What the exercise asks = The required output is the exact run of lines from the one bearing "a food guide" through the final line of the listing below, with the pictures removed.

Dataset content =
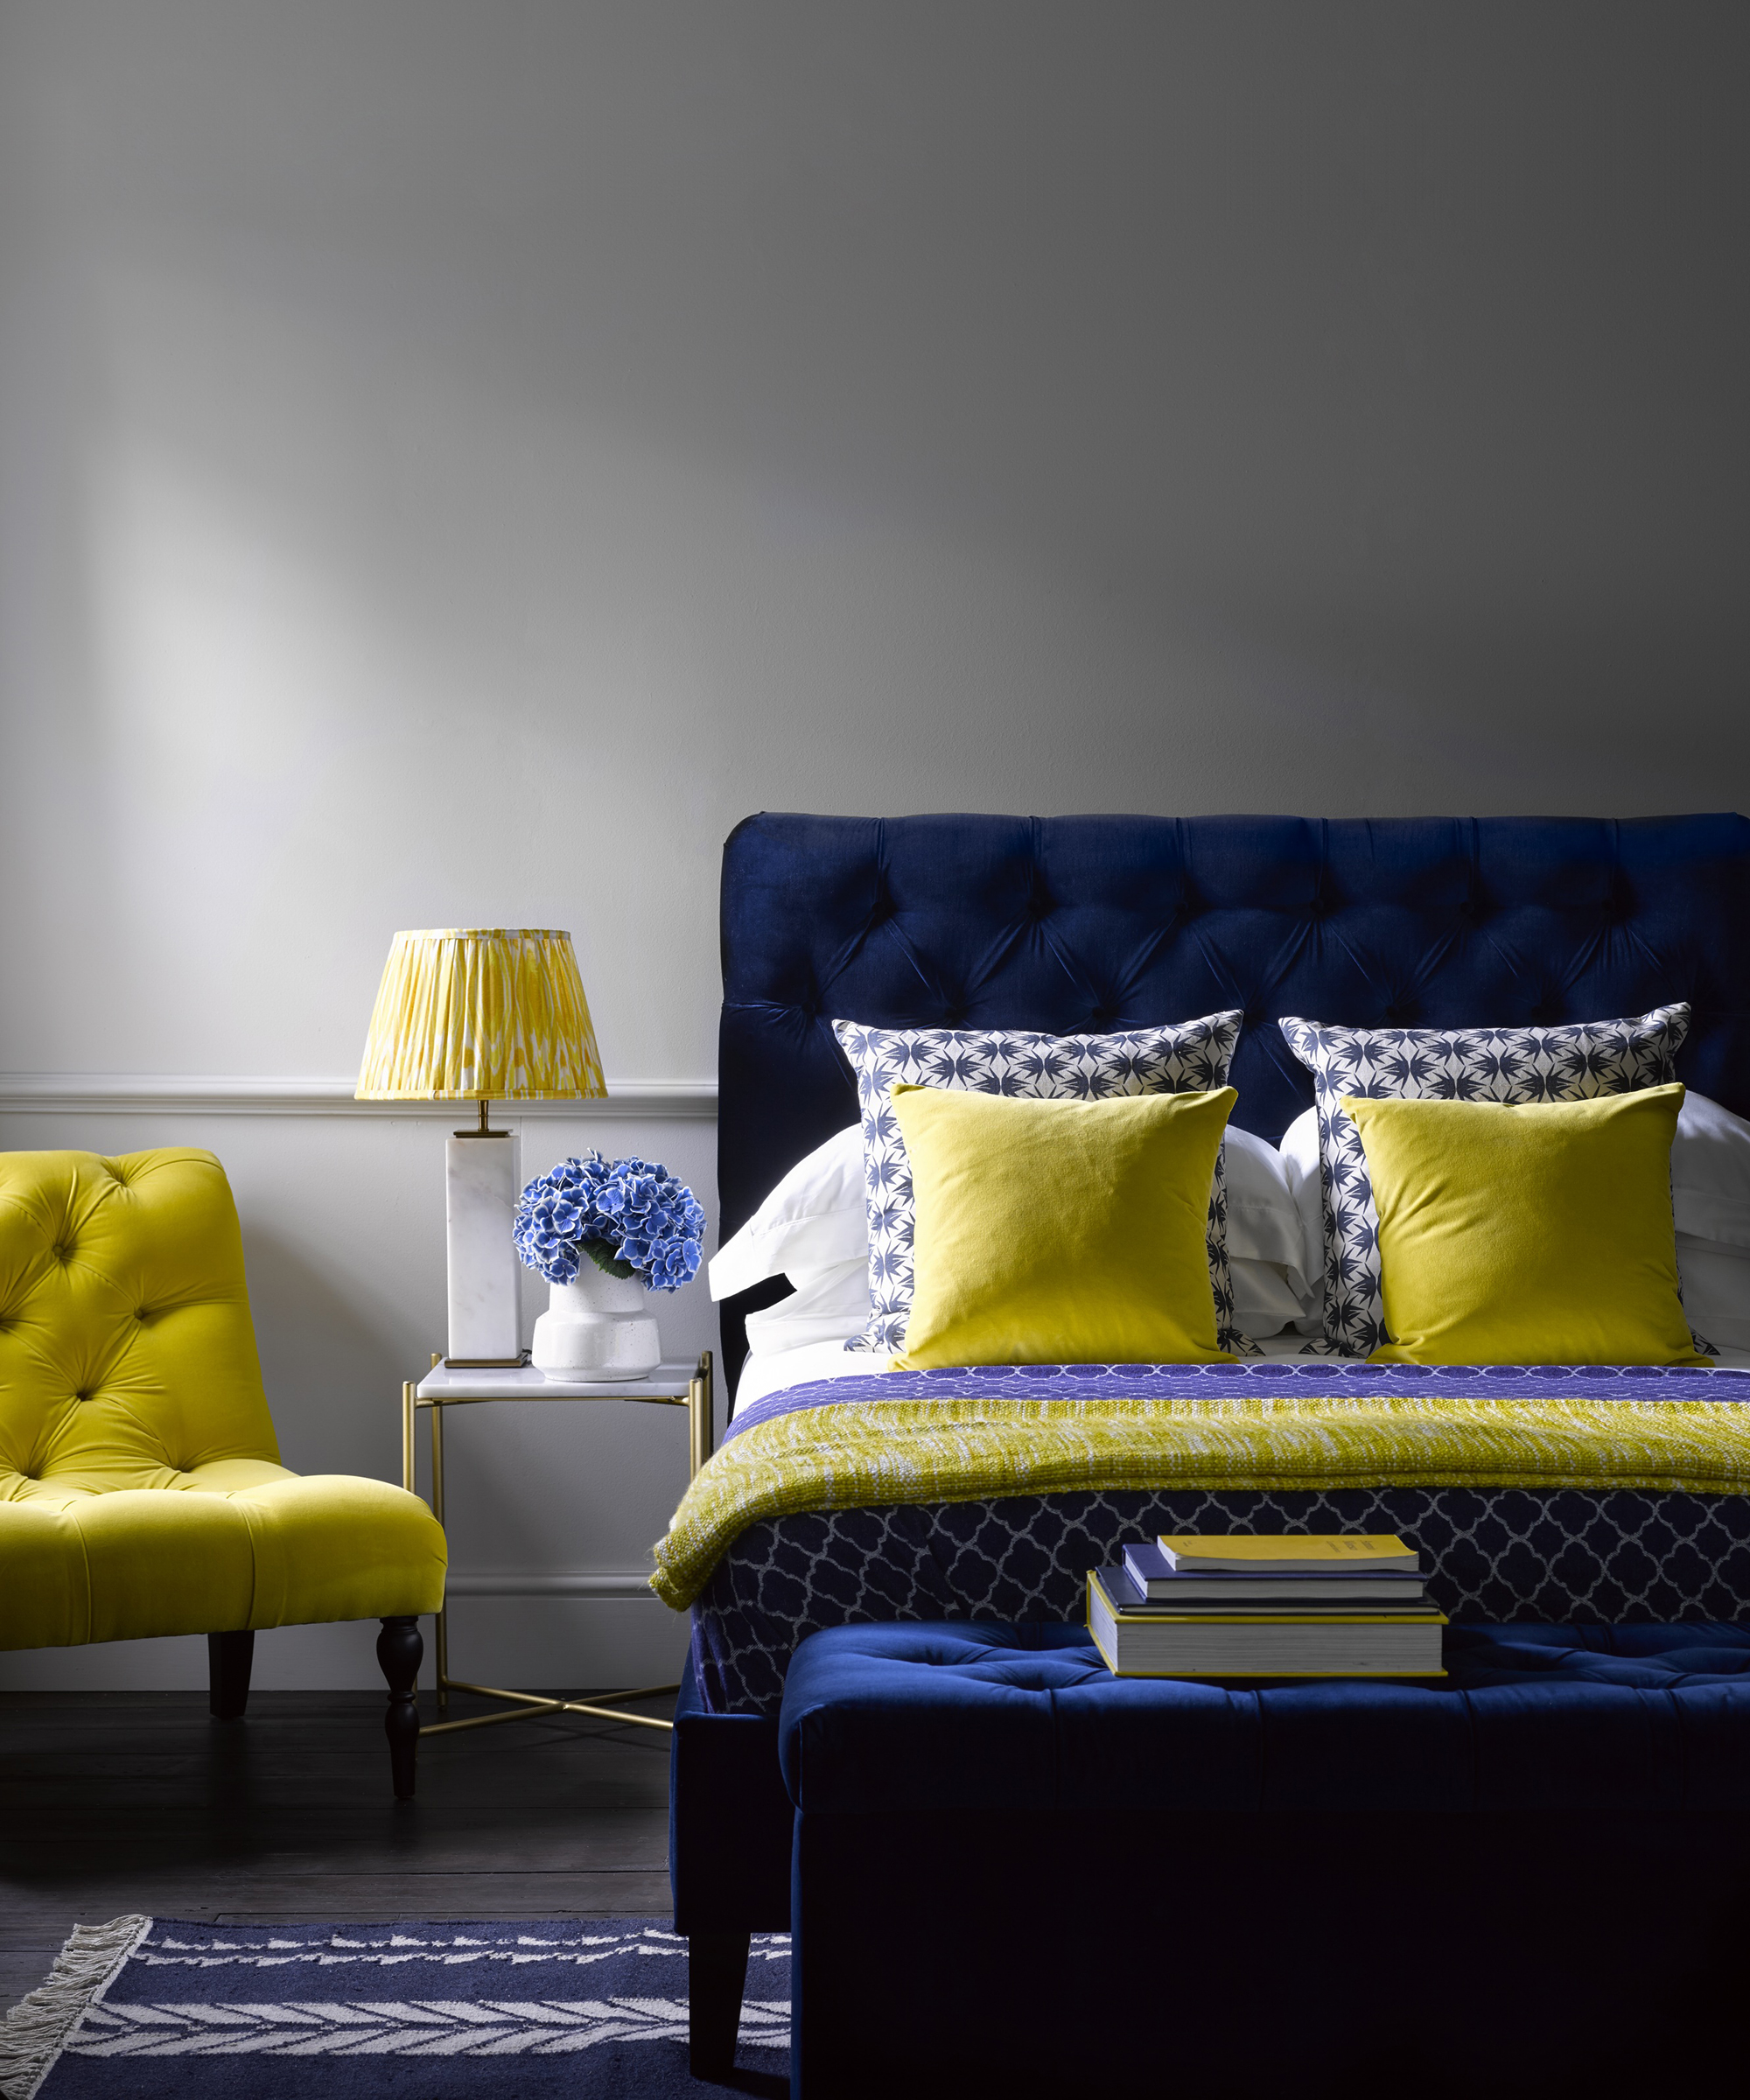 Navy blue and yellow bedroom decor by Sofa.com
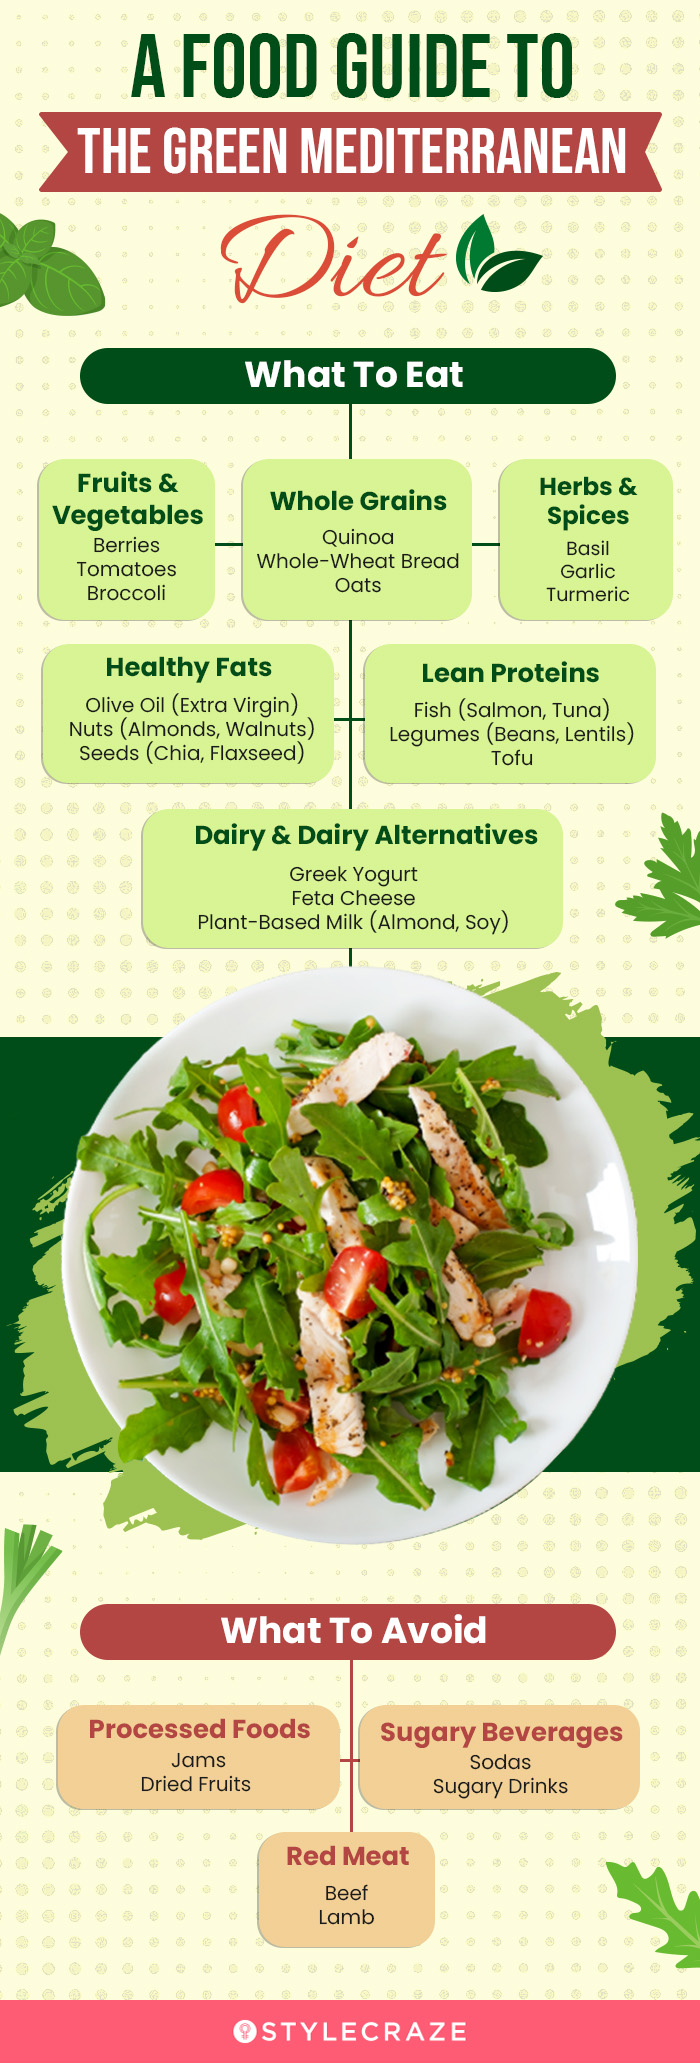 a food guide to the green mediterranean diet(infographic)
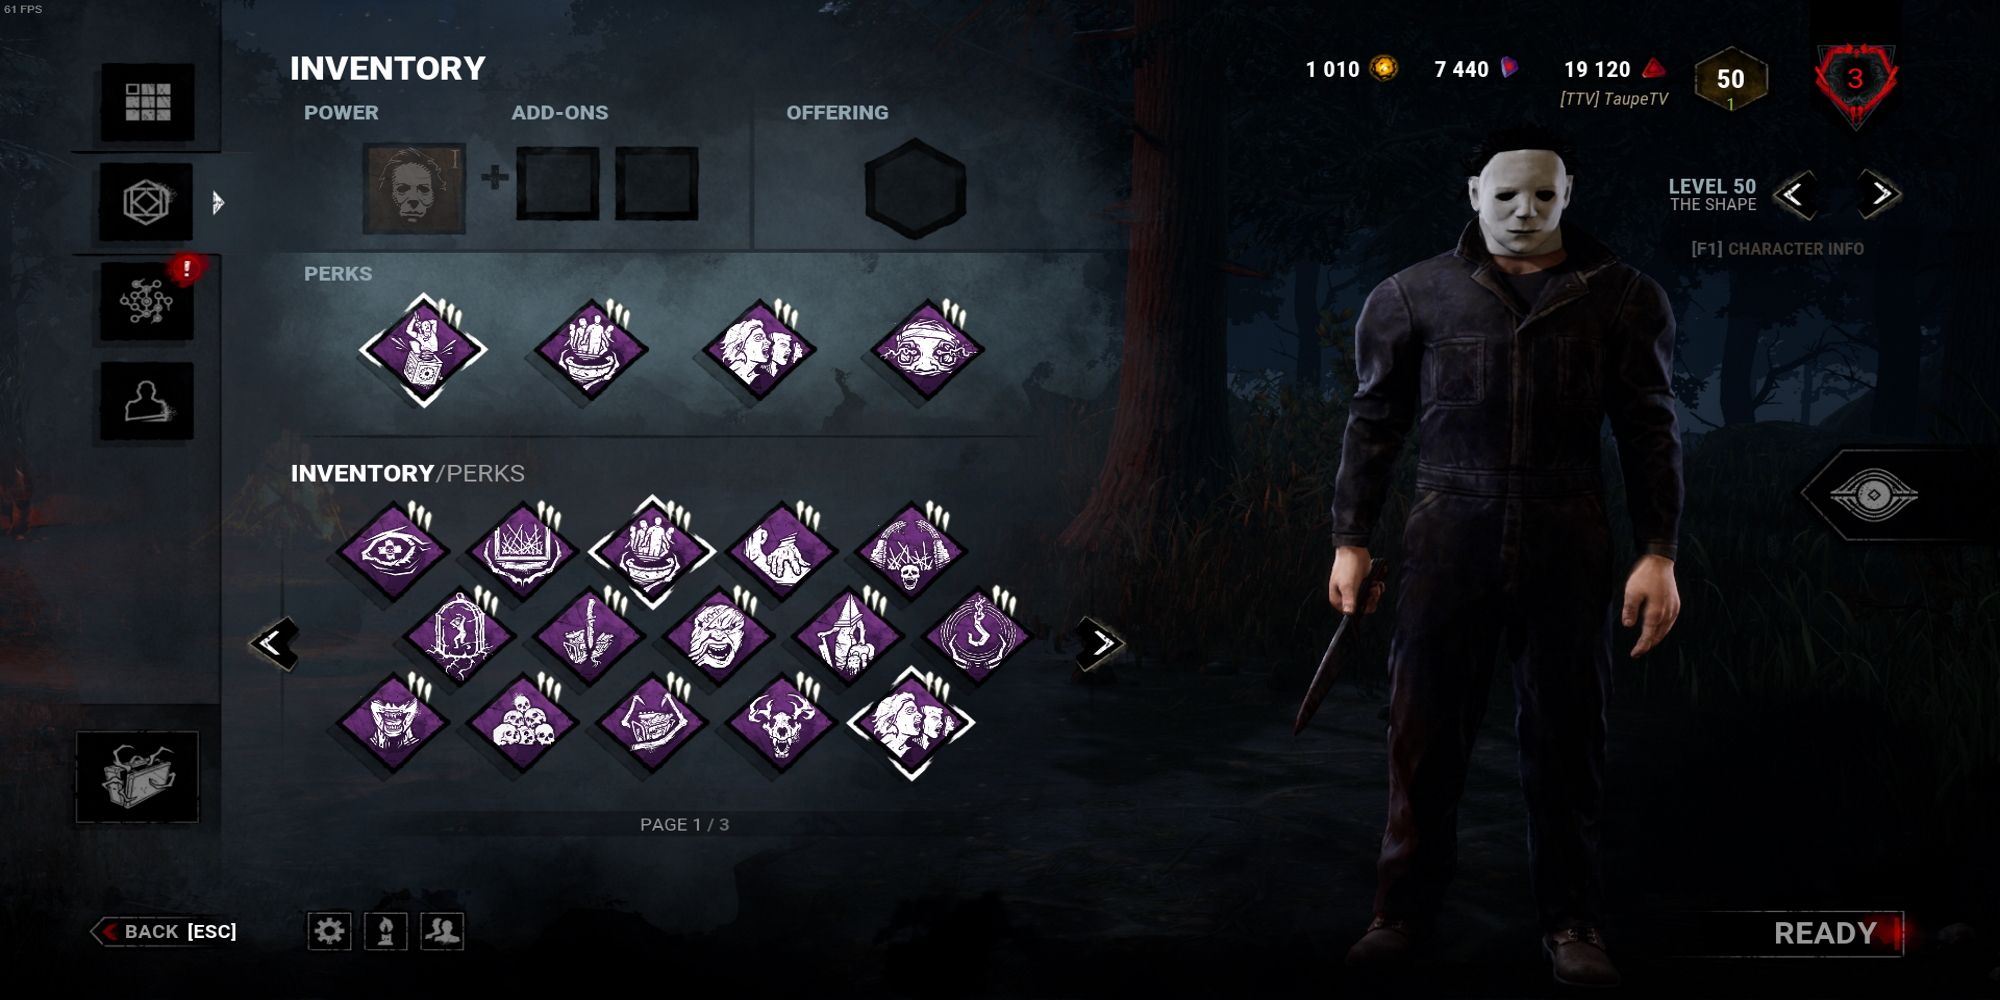 The Shape Dead By Daylight loadout with perks and add-ons

Solution =
 a food guide to the green mediterranean diet(infographic)
 The Shape Dead By Daylight loadout with perks and add-ons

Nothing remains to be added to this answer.